> [Task input]
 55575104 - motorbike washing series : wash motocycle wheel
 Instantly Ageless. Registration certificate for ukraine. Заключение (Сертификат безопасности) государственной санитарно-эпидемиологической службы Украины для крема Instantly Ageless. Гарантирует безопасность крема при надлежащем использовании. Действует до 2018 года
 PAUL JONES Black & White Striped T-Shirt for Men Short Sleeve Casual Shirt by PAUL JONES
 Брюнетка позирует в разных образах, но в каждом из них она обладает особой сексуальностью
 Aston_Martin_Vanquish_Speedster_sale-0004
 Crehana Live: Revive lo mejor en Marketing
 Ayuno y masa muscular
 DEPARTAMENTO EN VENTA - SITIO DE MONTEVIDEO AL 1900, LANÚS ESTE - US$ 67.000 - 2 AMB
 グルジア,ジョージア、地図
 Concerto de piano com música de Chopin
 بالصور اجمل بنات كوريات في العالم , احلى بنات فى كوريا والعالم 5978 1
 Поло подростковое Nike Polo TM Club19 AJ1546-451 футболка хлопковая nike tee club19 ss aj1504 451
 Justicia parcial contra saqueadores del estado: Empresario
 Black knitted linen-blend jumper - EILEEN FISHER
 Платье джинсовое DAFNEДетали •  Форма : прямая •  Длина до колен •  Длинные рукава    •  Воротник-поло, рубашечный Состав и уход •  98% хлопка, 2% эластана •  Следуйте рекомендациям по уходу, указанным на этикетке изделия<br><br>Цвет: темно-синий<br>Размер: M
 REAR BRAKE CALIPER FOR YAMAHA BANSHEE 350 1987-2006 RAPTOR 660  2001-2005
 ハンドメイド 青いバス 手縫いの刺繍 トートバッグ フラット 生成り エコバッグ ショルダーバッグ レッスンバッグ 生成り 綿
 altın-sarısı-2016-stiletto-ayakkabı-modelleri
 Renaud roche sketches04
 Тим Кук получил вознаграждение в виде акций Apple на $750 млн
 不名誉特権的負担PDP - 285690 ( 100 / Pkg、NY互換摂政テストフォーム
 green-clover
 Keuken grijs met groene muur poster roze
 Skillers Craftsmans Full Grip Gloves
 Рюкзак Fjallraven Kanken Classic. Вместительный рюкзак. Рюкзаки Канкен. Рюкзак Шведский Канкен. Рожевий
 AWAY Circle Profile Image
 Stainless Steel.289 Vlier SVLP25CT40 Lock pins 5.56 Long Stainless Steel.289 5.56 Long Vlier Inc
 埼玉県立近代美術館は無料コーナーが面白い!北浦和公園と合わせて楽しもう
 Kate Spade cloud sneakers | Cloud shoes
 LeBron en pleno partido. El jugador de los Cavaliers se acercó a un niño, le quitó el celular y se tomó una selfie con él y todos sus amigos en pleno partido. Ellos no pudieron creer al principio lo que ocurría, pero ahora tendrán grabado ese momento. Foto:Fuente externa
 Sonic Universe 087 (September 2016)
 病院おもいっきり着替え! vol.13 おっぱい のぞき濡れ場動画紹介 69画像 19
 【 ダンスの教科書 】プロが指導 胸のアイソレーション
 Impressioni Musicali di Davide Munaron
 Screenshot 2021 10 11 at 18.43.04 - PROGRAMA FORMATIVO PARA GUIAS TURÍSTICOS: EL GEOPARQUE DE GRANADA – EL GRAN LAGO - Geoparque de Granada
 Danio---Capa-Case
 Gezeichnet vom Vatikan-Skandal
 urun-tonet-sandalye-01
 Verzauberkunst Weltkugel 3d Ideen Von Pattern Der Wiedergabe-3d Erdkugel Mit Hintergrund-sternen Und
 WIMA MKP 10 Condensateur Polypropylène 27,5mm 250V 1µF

> [Action item] Output each record precisely as given.

> [Response area]
 55575104 - motorbike washing series : wash motocycle wheel
 Instantly Ageless. Registration certificate for ukraine. Заключение (Сертификат безопасности) государственной санитарно-эпидемиологической службы Украины для крема Instantly Ageless. Гарантирует безопасность крема при надлежащем использовании. Действует до 2018 года
 PAUL JONES Black & White Striped T-Shirt for Men Short Sleeve Casual Shirt by PAUL JONES
 Брюнетка позирует в разных образах, но в каждом из них она обладает особой сексуальностью
 Aston_Martin_Vanquish_Speedster_sale-0004
 Crehana Live: Revive lo mejor en Marketing
 Ayuno y masa muscular
 DEPARTAMENTO EN VENTA - SITIO DE MONTEVIDEO AL 1900, LANÚS ESTE - US$ 67.000 - 2 AMB
 グルジア,ジョージア、地図
 Concerto de piano com música de Chopin
 بالصور اجمل بنات كوريات في العالم , احلى بنات فى كوريا والعالم 5978 1
 Поло подростковое Nike Polo TM Club19 AJ1546-451 футболка хлопковая nike tee club19 ss aj1504 451
 Justicia parcial contra saqueadores del estado: Empresario
 Black knitted linen-blend jumper - EILEEN FISHER
 Платье джинсовое DAFNEДетали •  Форма : прямая •  Длина до колен •  Длинные рукава    •  Воротник-поло, рубашечный Состав и уход •  98% хлопка, 2% эластана •  Следуйте рекомендациям по уходу, указанным на этикетке изделия<br><br>Цвет: темно-синий<br>Размер: M
 REAR BRAKE CALIPER FOR YAMAHA BANSHEE 350 1987-2006 RAPTOR 660  2001-2005
 ハンドメイド 青いバス 手縫いの刺繍 トートバッグ フラット 生成り エコバッグ ショルダーバッグ レッスンバッグ 生成り 綿
 altın-sarısı-2016-stiletto-ayakkabı-modelleri
 Renaud roche sketches04
 Тим Кук получил вознаграждение в виде акций Apple на $750 млн
 不名誉特権的負担PDP - 285690 ( 100 / Pkg、NY互換摂政テストフォーム
 green-clover
 Keuken grijs met groene muur poster roze
 Skillers Craftsmans Full Grip Gloves
 Рюкзак Fjallraven Kanken Classic. Вместительный рюкзак. Рюкзаки Канкен. Рюкзак Шведский Канкен. Рожевий
 AWAY Circle Profile Image
 Stainless Steel.289 Vlier SVLP25CT40 Lock pins 5.56 Long Stainless Steel.289 5.56 Long Vlier Inc
 埼玉県立近代美術館は無料コーナーが面白い!北浦和公園と合わせて楽しもう
 Kate Spade cloud sneakers | Cloud shoes
 LeBron en pleno partido. El jugador de los Cavaliers se acercó a un niño, le quitó el celular y se tomó una selfie con él y todos sus amigos en pleno partido. Ellos no pudieron creer al principio lo que ocurría, pero ahora tendrán grabado ese momento. Foto:Fuente externa
 Sonic Universe 087 (September 2016)
 病院おもいっきり着替え! vol.13 おっぱい のぞき濡れ場動画紹介 69画像 19
 【 ダンスの教科書 】プロが指導 胸のアイソレーション
 Impressioni Musicali di Davide Munaron
 Screenshot 2021 10 11 at 18.43.04 - PROGRAMA FORMATIVO PARA GUIAS TURÍSTICOS: EL GEOPARQUE DE GRANADA – EL GRAN LAGO - Geoparque de Granada
 Danio---Capa-Case
 Gezeichnet vom Vatikan-Skandal
 urun-tonet-sandalye-01
 Verzauberkunst Weltkugel 3d Ideen Von Pattern Der Wiedergabe-3d Erdkugel Mit Hintergrund-sternen Und
 WIMA MKP 10 Condensateur Polypropylène 27,5mm 250V 1µF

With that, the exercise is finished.